Home Depot, ‘Ted Lasso’ and an RV: What we learned at Jim Harbaugh’s Chargers introduction

He quoted “Shawshank Redemption” and raved about “Ted Lasso.” He called his brother “as tough as a two-dollar steak.” He suggested driving his RV to the Pacific Ocean and living in a trailer park for the next few months, channeling television character Jim Rockford from the 1970s drama series “The Rockford Files.”

And with that, the Jim Harbaugh era officially began.

The Los Angeles Chargers introduced Harbaugh as their new coach on Thursday afternoon at the YouTube Theater inside SoFi Stadium.

He discussed culture, coaching staff, vision, quarterback Justin Herbert and much more.

Here are my takeaways.

Culture shift underway

The Spanos family brought Harbaugh to the Chargers for one reason above all else: to win.

Harbaugh has done that at every stop in his head coaching career, college and pros. He resets cultures and builds winning programs. And while he has only been in his current role for one week, he is already getting his hands dirty in bringing that identity to the Chargers. Literally.

It might have seemed like a passing joke when Harbaugh said he got “fulfillment” out of heading to Home Depot and buying a Shop-Vac to use on remodeling the weight room at the Chargers’ Orange County facility. But I’m told that was no joke. Harbaugh actually went to Home Depot first thing Wednesday morning to buy that Shop-Vac.

Harbaugh confirmed he is bringing former Michigan strength coach Ben Herbert with him to the Chargers. Harbaugh has already started putting his fingerprints on the weight room. The plan was for Harbaugh and the Spanos family to head to the new facility in El Segundo after the presser Thursday. That facility will officially open sometime later this year. After that stop, Harbaugh said he hoped the Chargers would “maybe get some of the equipment ordered that we want.” He was smiling. It sounded like a joke. But what is becoming abundantly clear is that he is never really joking when discussing the question of, as he phrased it, “How do we make this so we can put our players in the absolute best environment to be successful?”

“What you see with Jim is what you get,” owner Dean Spanos said.

Harbaugh laid the expectations out in plain terms: “Multiple championships.”



Harbaugh aiming for ‘multiple championships’ with Chargers

“We want to be known as world champions,” he said, “and we’re going to do it or die trying.”

The Chargers needed a head coach who demanded more from the organization. That applies to the big things, like a Lombardi Trophy. It starts with the little things like elevating the weight room.
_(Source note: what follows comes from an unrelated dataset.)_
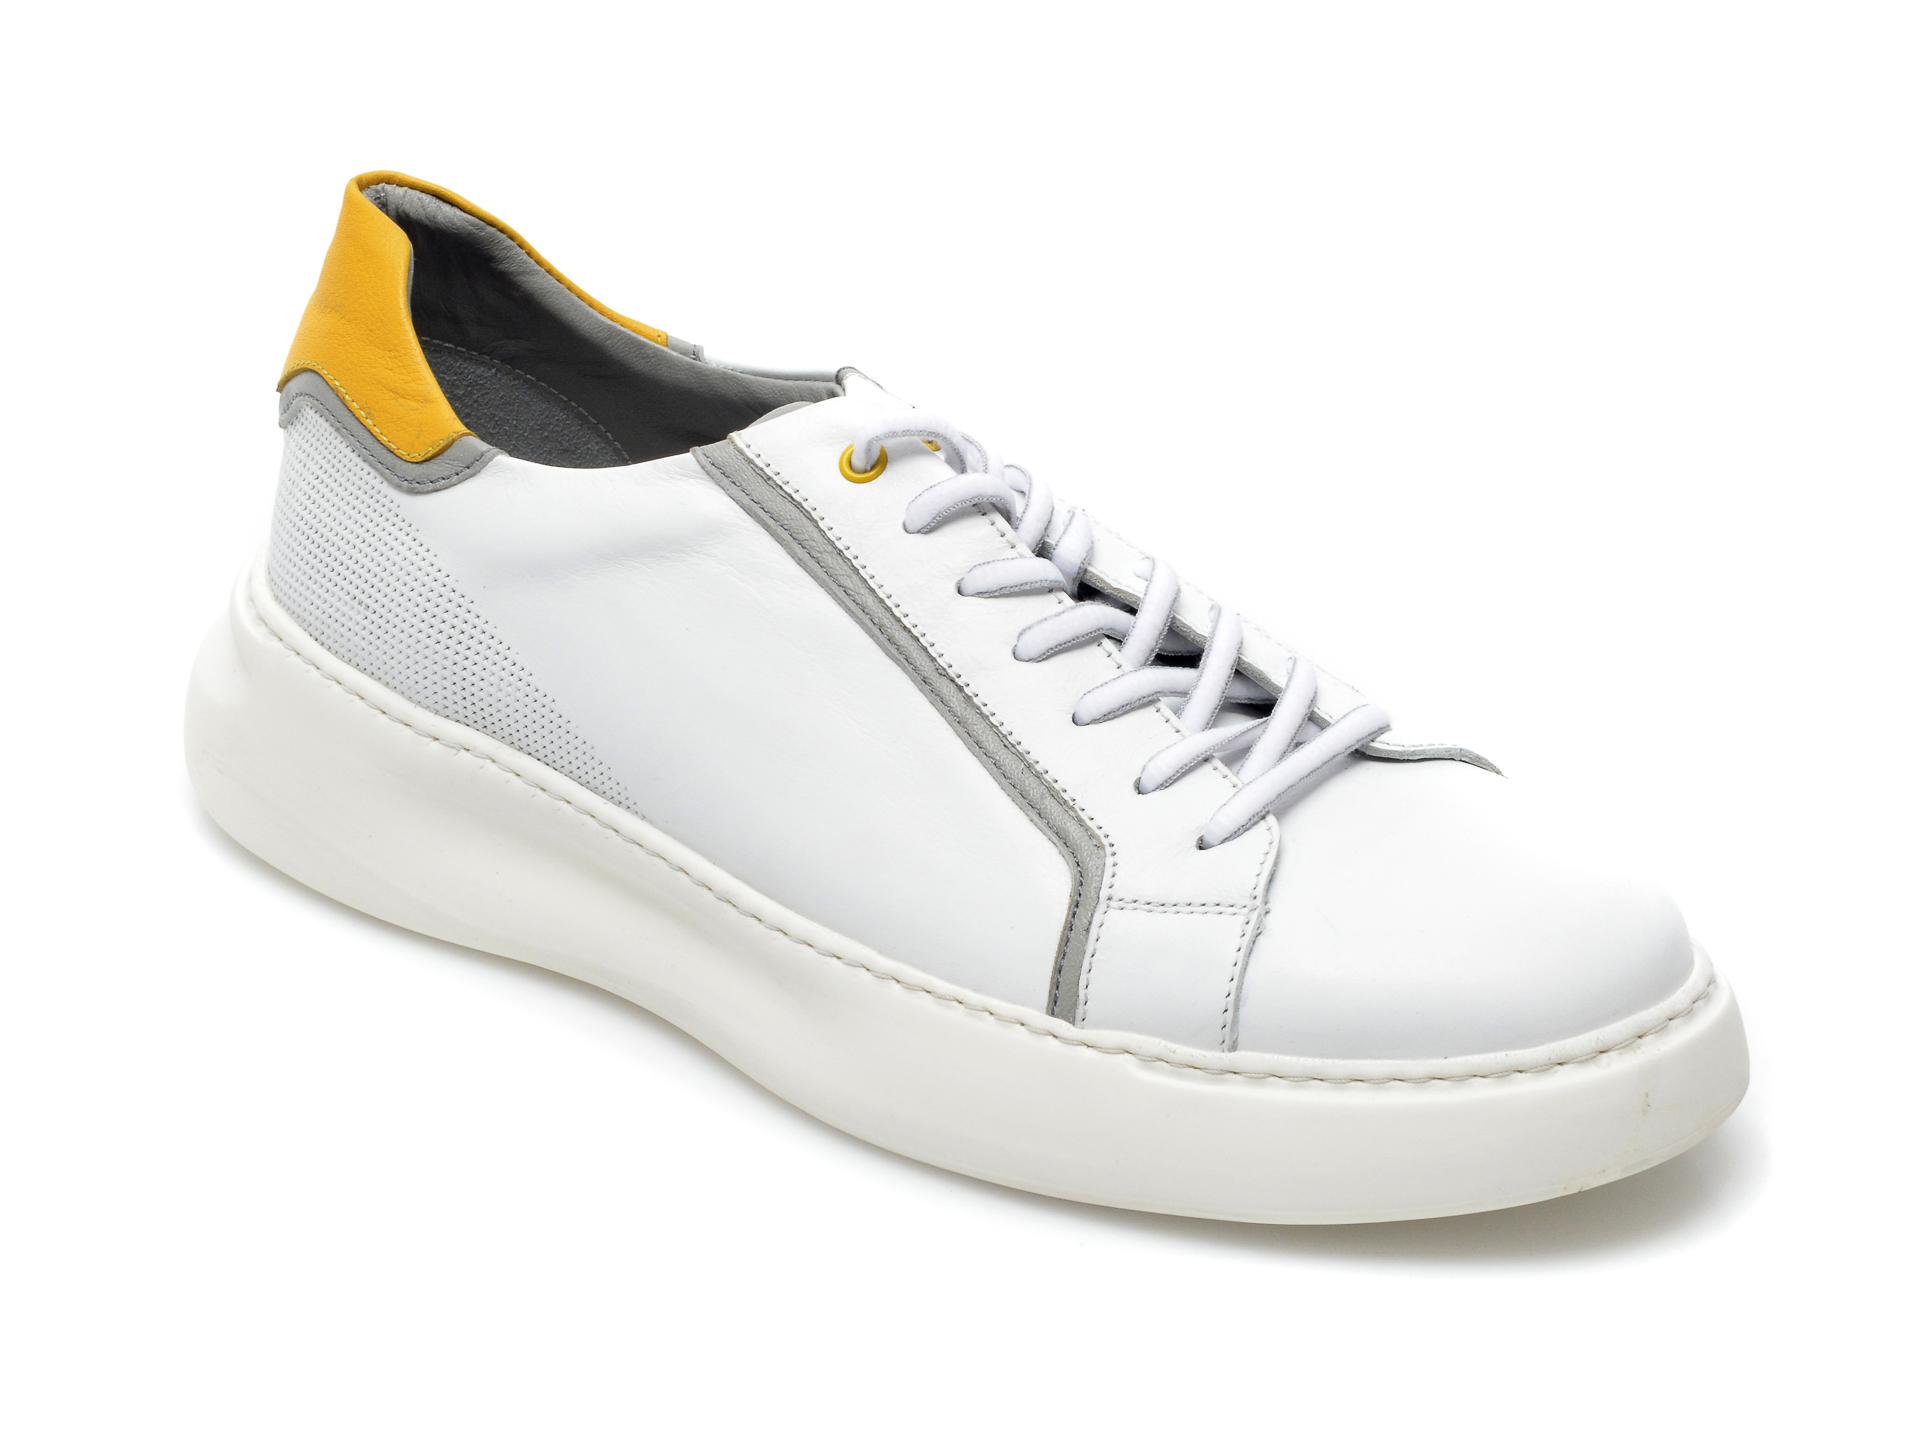 Pantofi OTTER albi, 25503, din piele naturala imagine

“Players come in here and everything’s organized and you’re going to see that things are changing, things are different,” Harbaugh said. “We want to get into that center of player development. That weight room, let’s have at it. You hungry? You want to eat? This is an all-you-can-eat buffet right here. Let’s get that work in, and that’s what the players have been saying back to me. ‘Let’s get it, Coach.’ So let’s go.”

Harbaugh recounted telling Dean Spanos that he is “hungry to win.” Spanos’ response? “I’m starving.”

“I have no doubt that it’s all about winning and winning the right way and doing everything for this organization to apex,” Harbaugh said. “I’ve got a pretty good sense of the sincerity of that. They’re sincere people, and I take them at their word. … We’re working toward it. I feel good about it.”

Coaching staff

Outside of Ben Herbert, Harbaugh did not confirm any other additions to the coaching staff or organization.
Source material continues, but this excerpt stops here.